[BRIEF]: For this exercise, the lines from the one with "After 16 seasons, one" through the final line of the data below are to be transcribed exactly, and pictures are to be skipped.

[INFORMATION SUPPLIED]:
↓

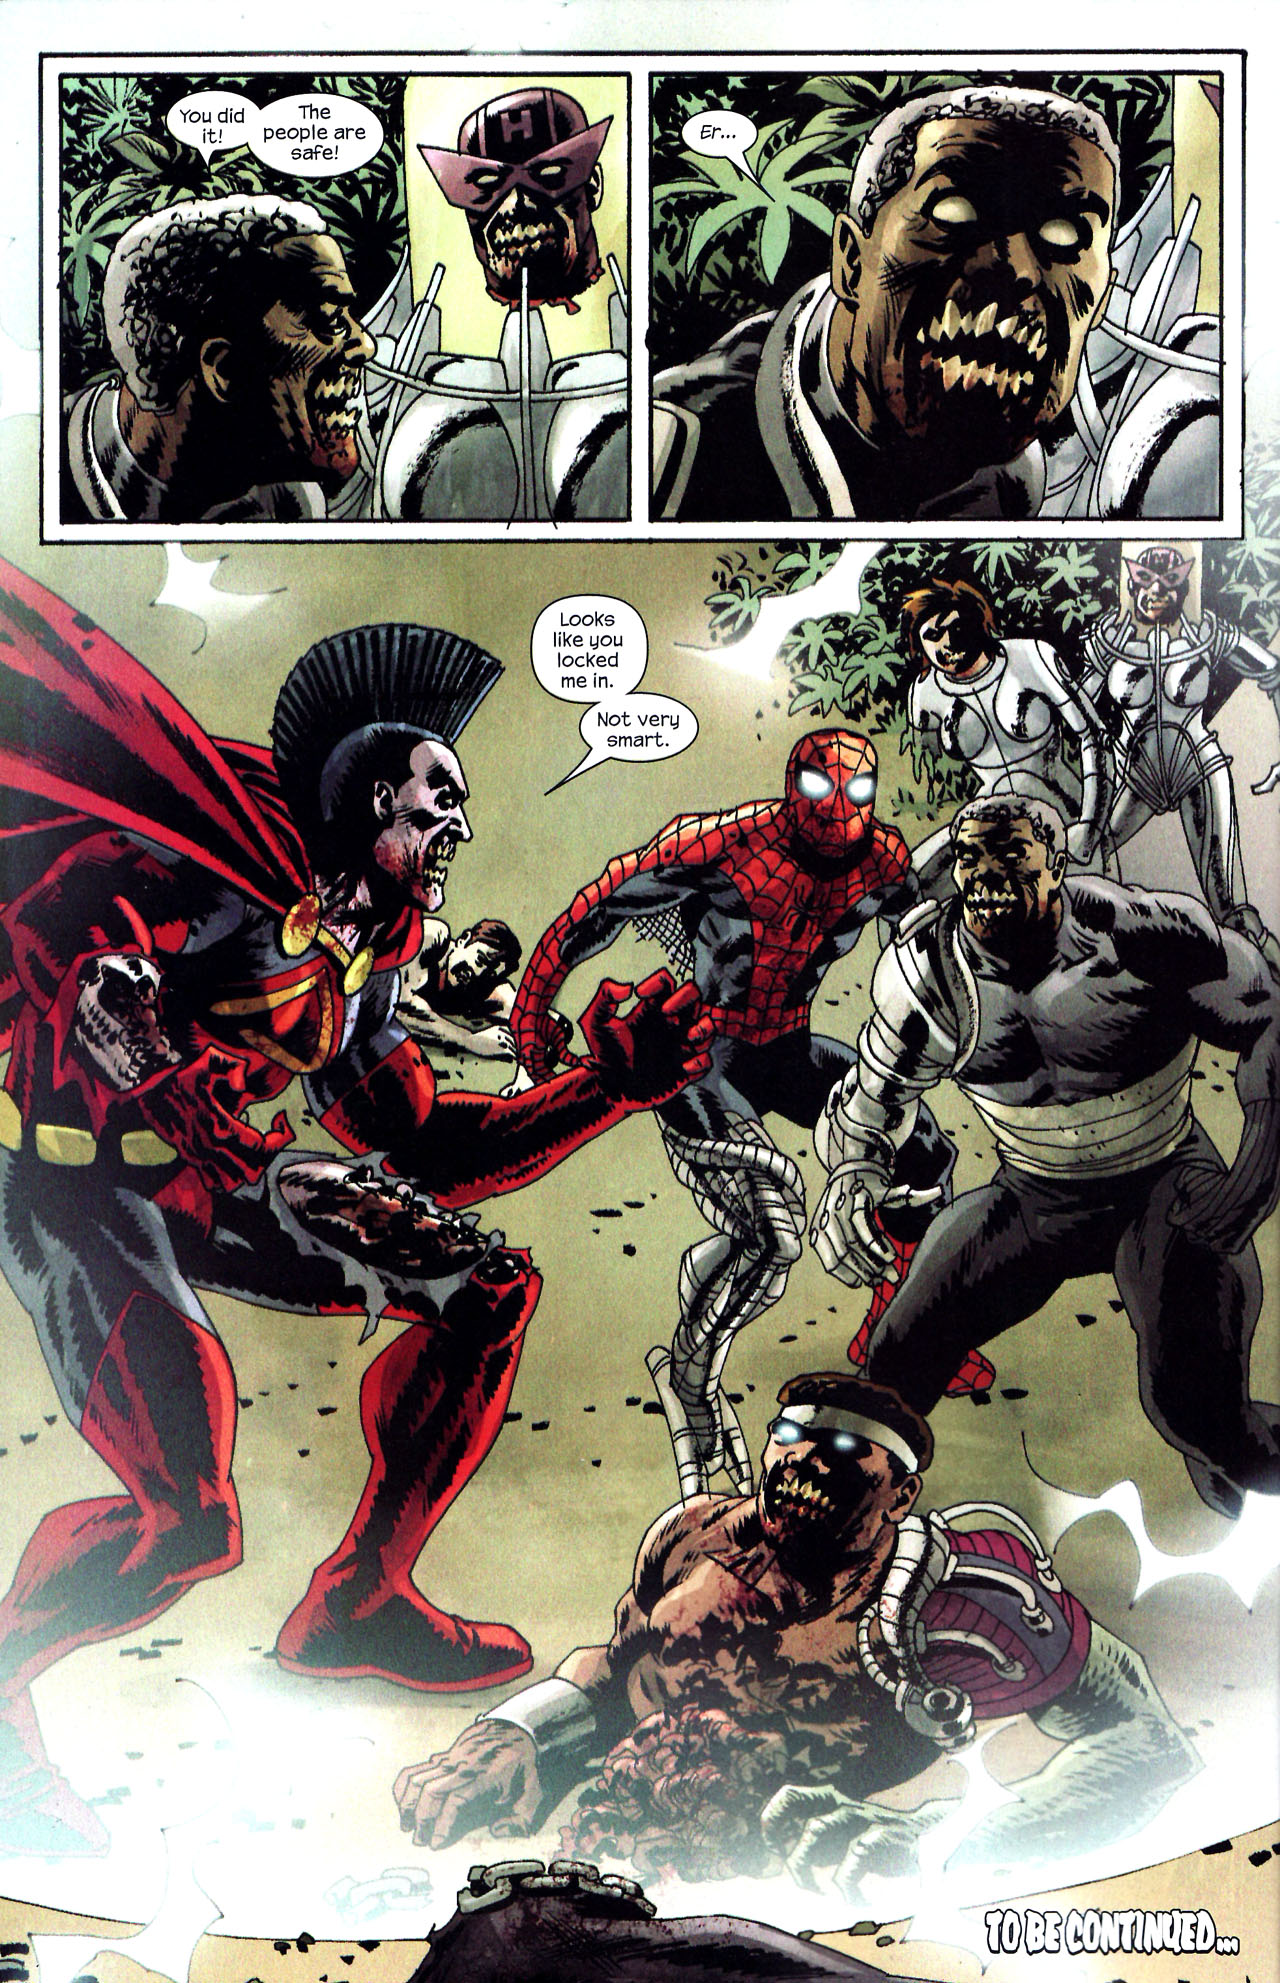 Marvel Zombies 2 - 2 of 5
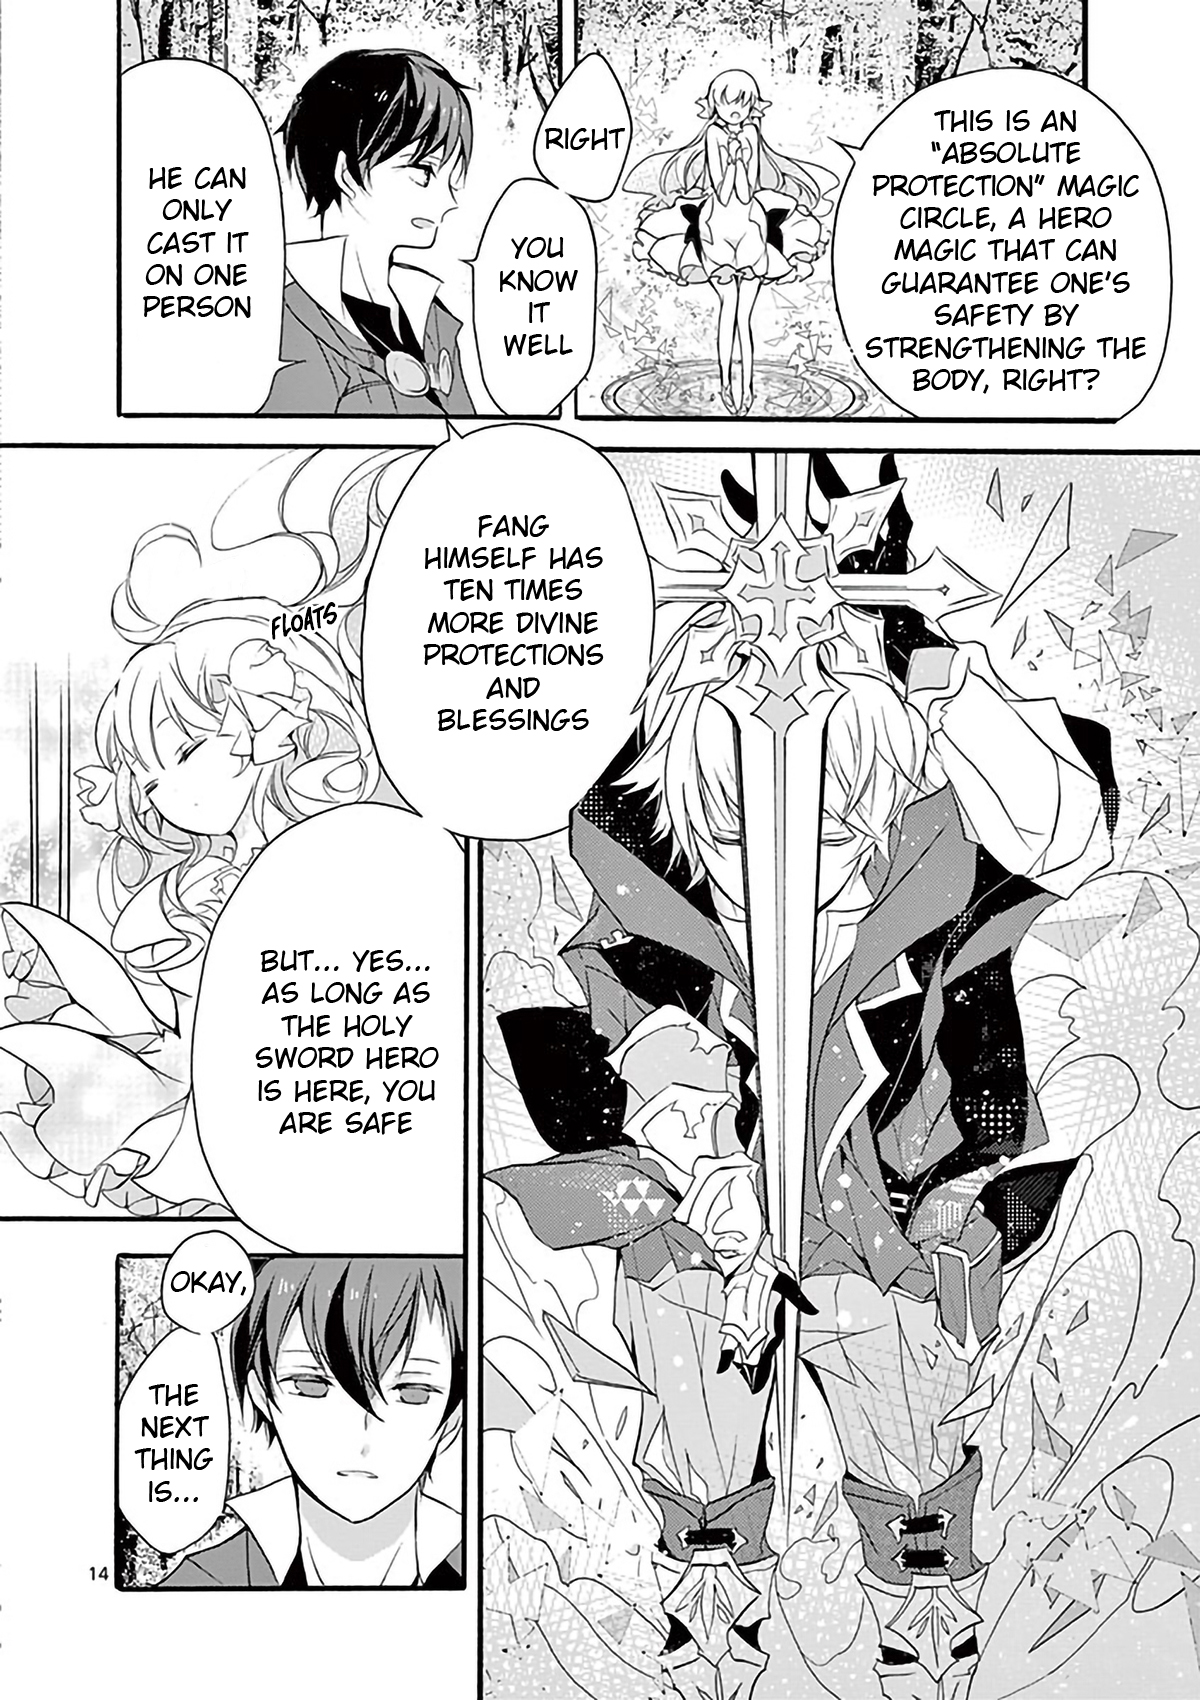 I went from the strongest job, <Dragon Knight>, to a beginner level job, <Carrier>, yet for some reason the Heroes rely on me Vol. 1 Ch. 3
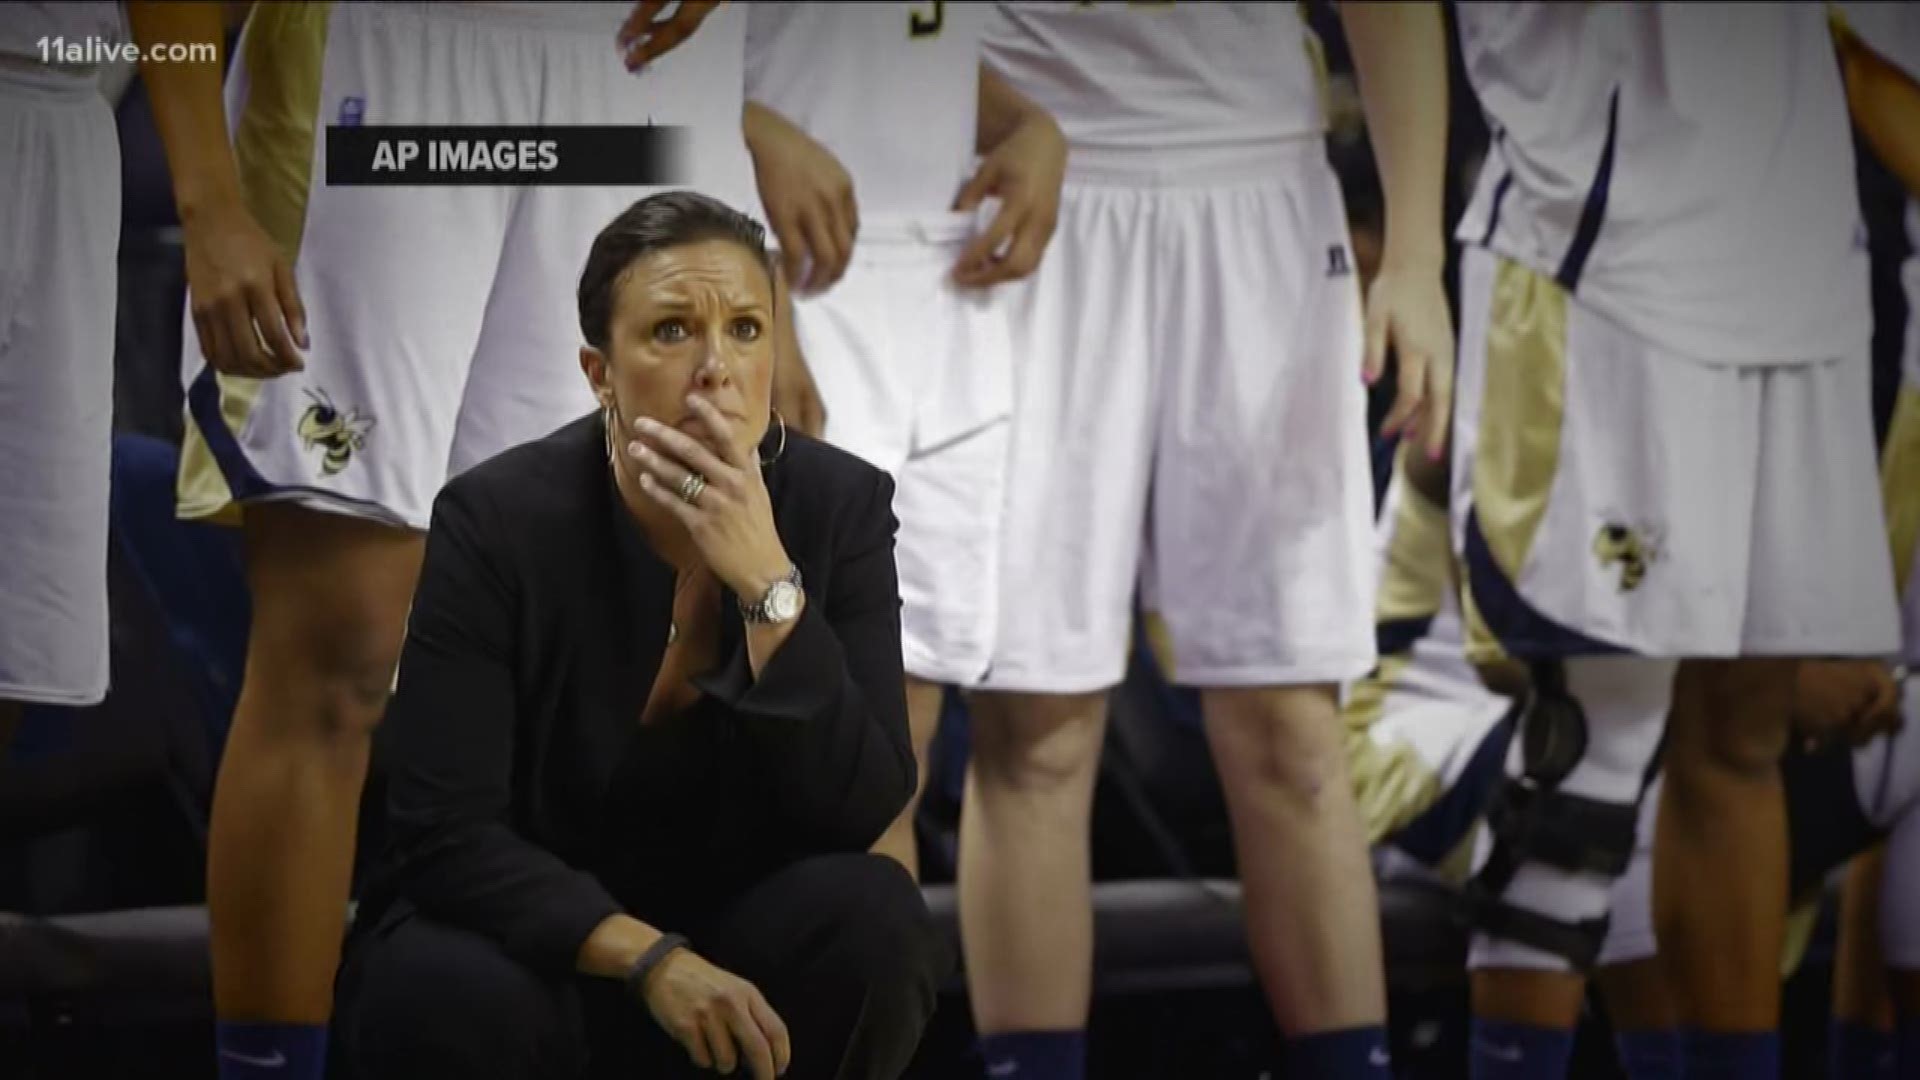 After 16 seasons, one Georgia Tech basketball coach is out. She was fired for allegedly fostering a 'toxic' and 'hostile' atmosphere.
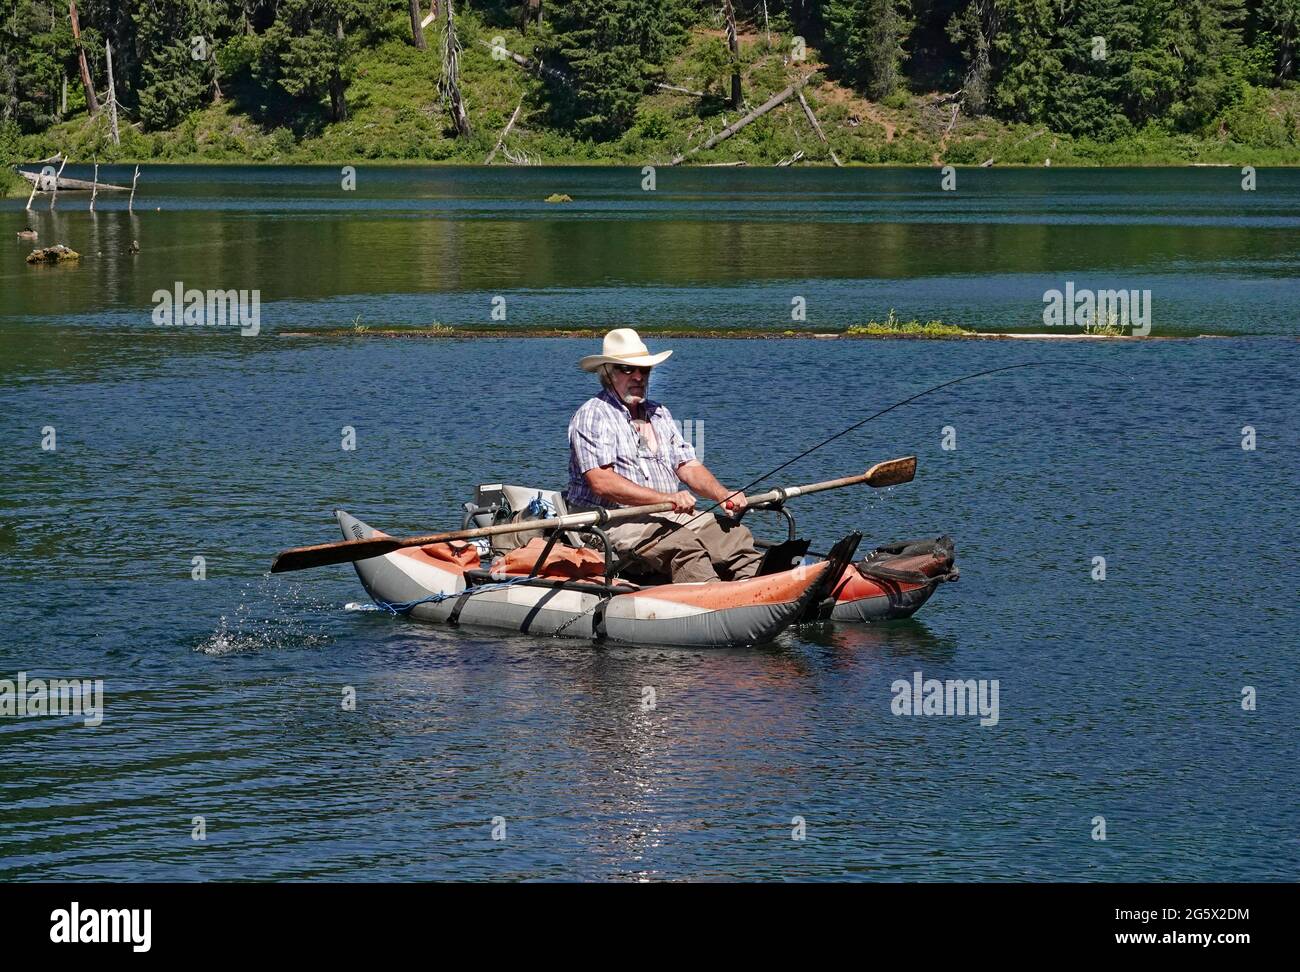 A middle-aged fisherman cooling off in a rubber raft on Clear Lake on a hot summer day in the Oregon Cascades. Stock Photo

↑

[EXPECTED ANSWER]:
 After 16 seasons, one Georgia Tech basketball coach is out. She was fired for allegedly fostering a 'toxic' and 'hostile' atmosphere.
 A middle-aged fisherman cooling off in a rubber raft on Clear Lake on a hot summer day in the Oregon Cascades. Stock Photo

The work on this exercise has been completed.